┌─ Information provided
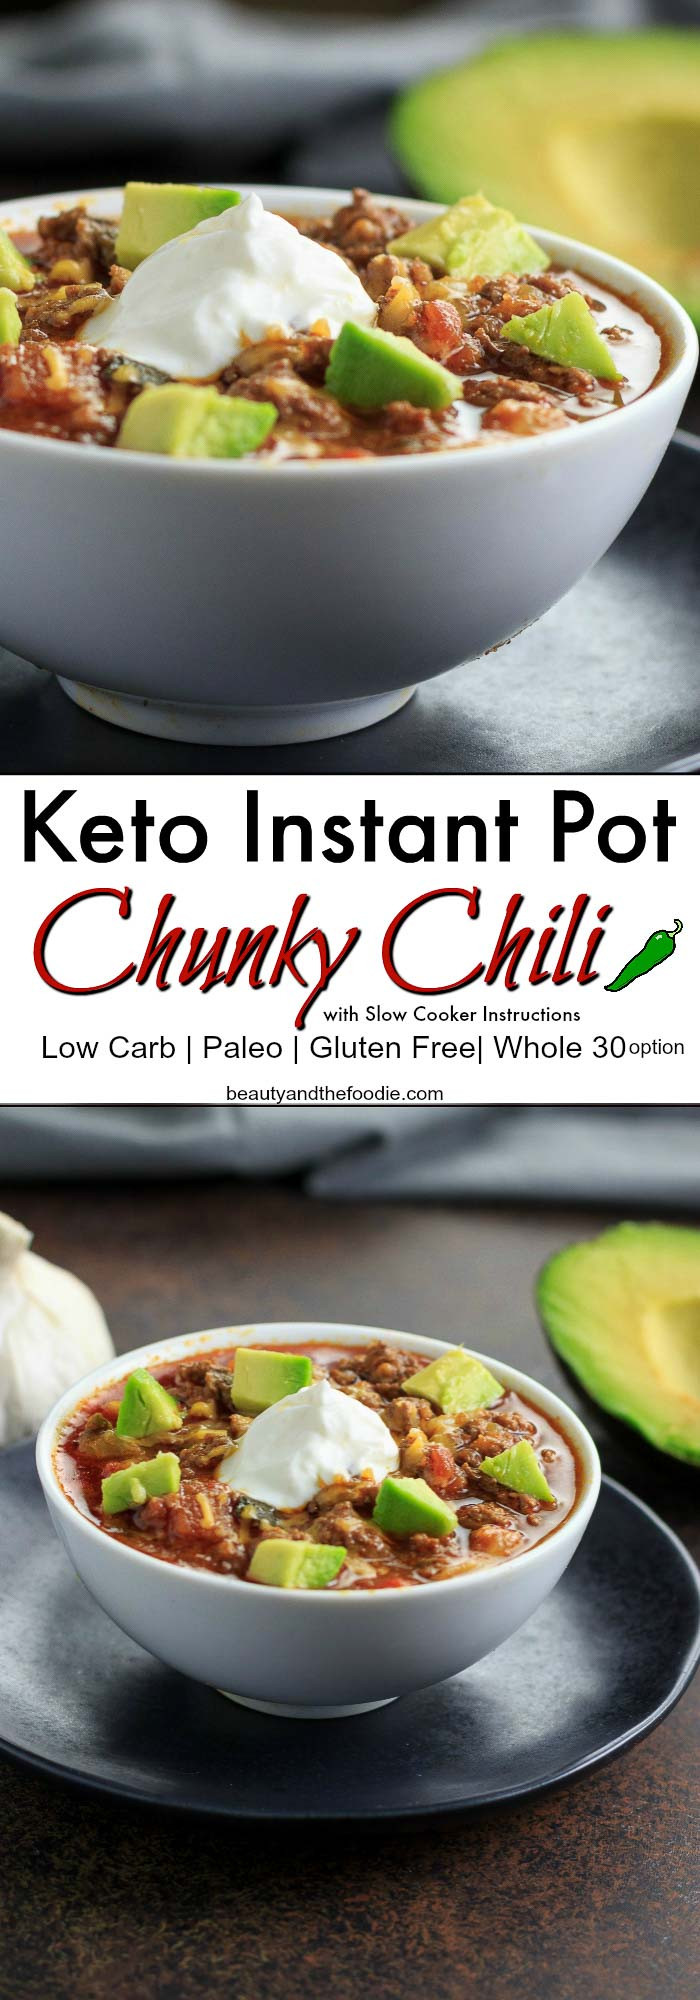 Instant Pot Keto Videos
 Keto Instant Pot Chunky Chili
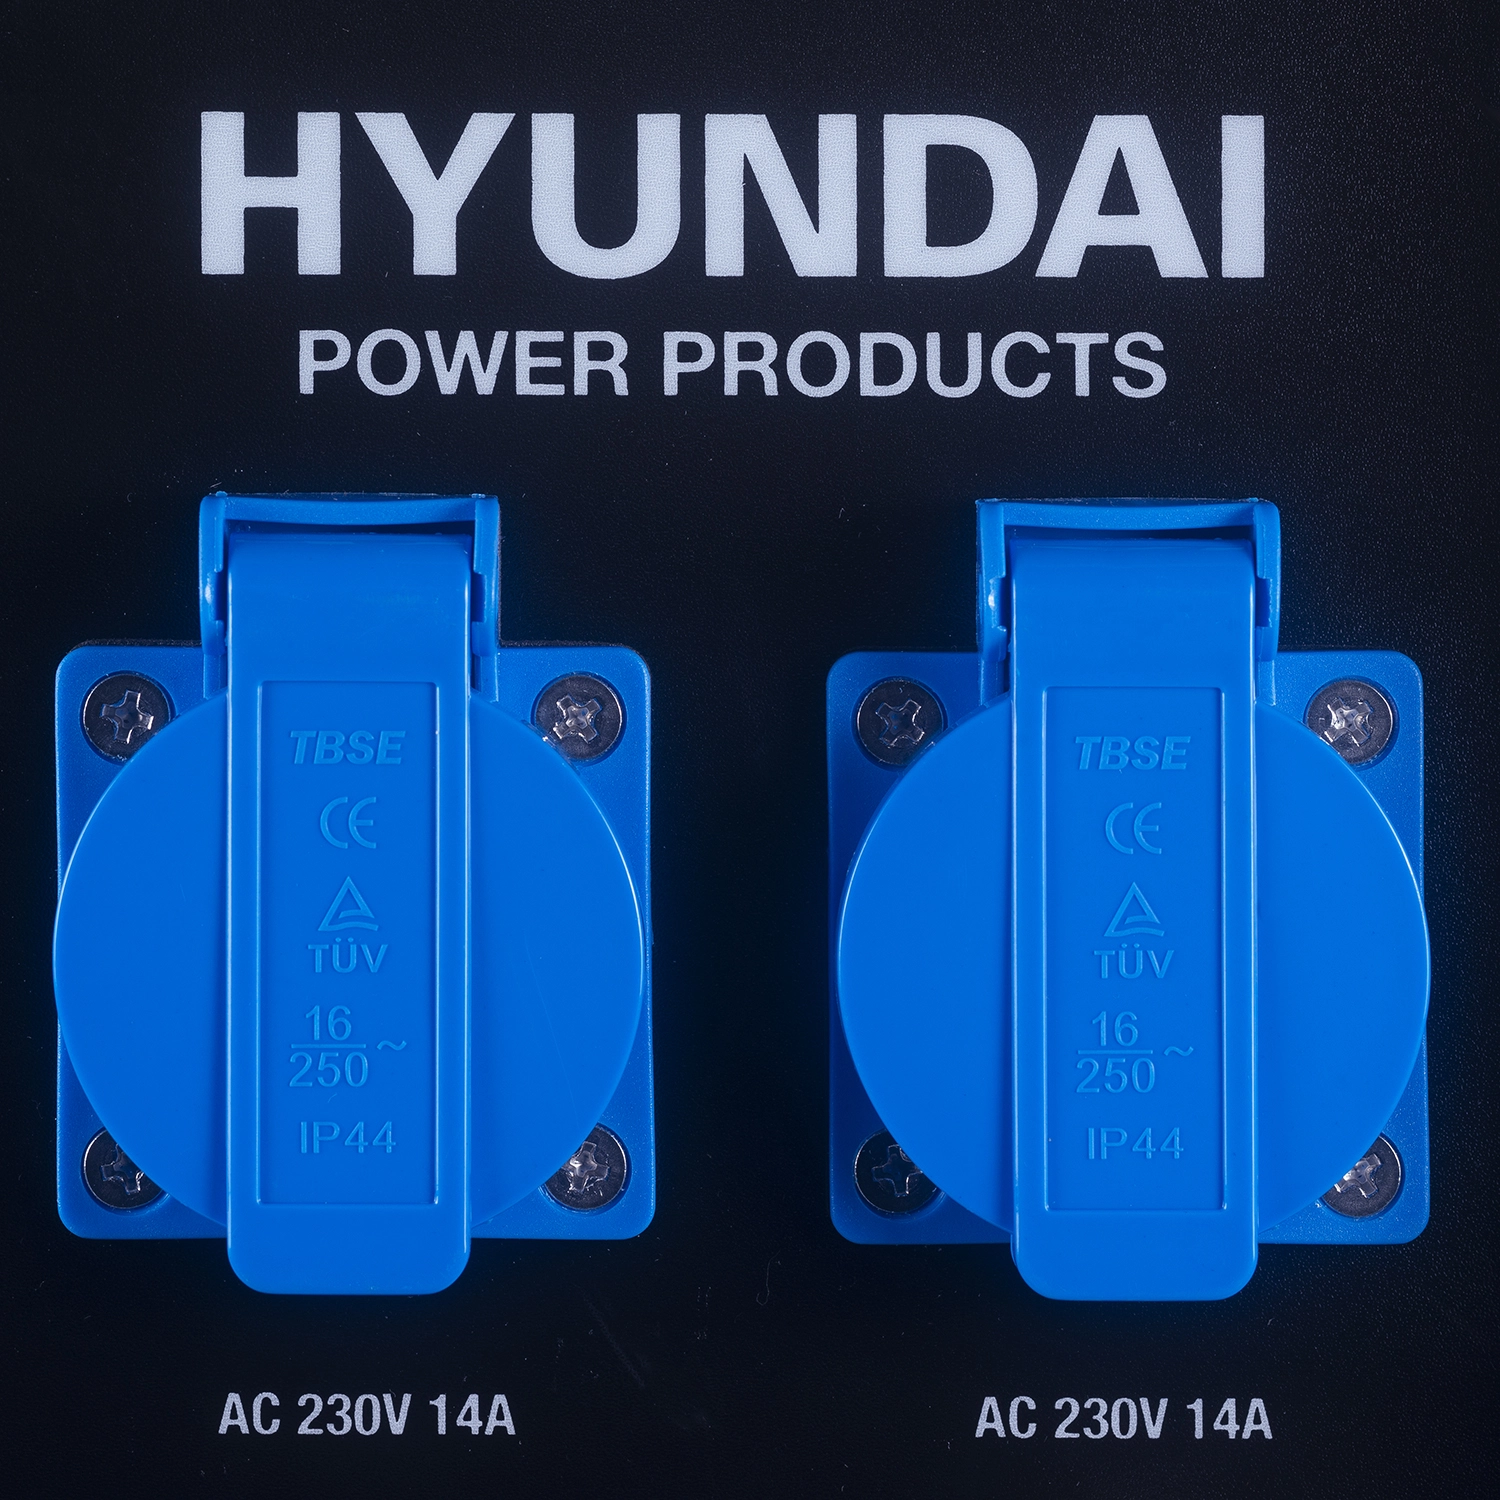 Hyundai 55017 - Convertisseur-Générateur - 3200W - 212cc - Moteur OHV
└─
_Your goal_:
This task calls for the listing to be restated exactly, with images omitted.

_Task solution_:
 Instant Pot Keto Videos
 Keto Instant Pot Chunky Chili
 Hyundai 55017 - Convertisseur-Générateur - 3200W - 212cc - Moteur OHV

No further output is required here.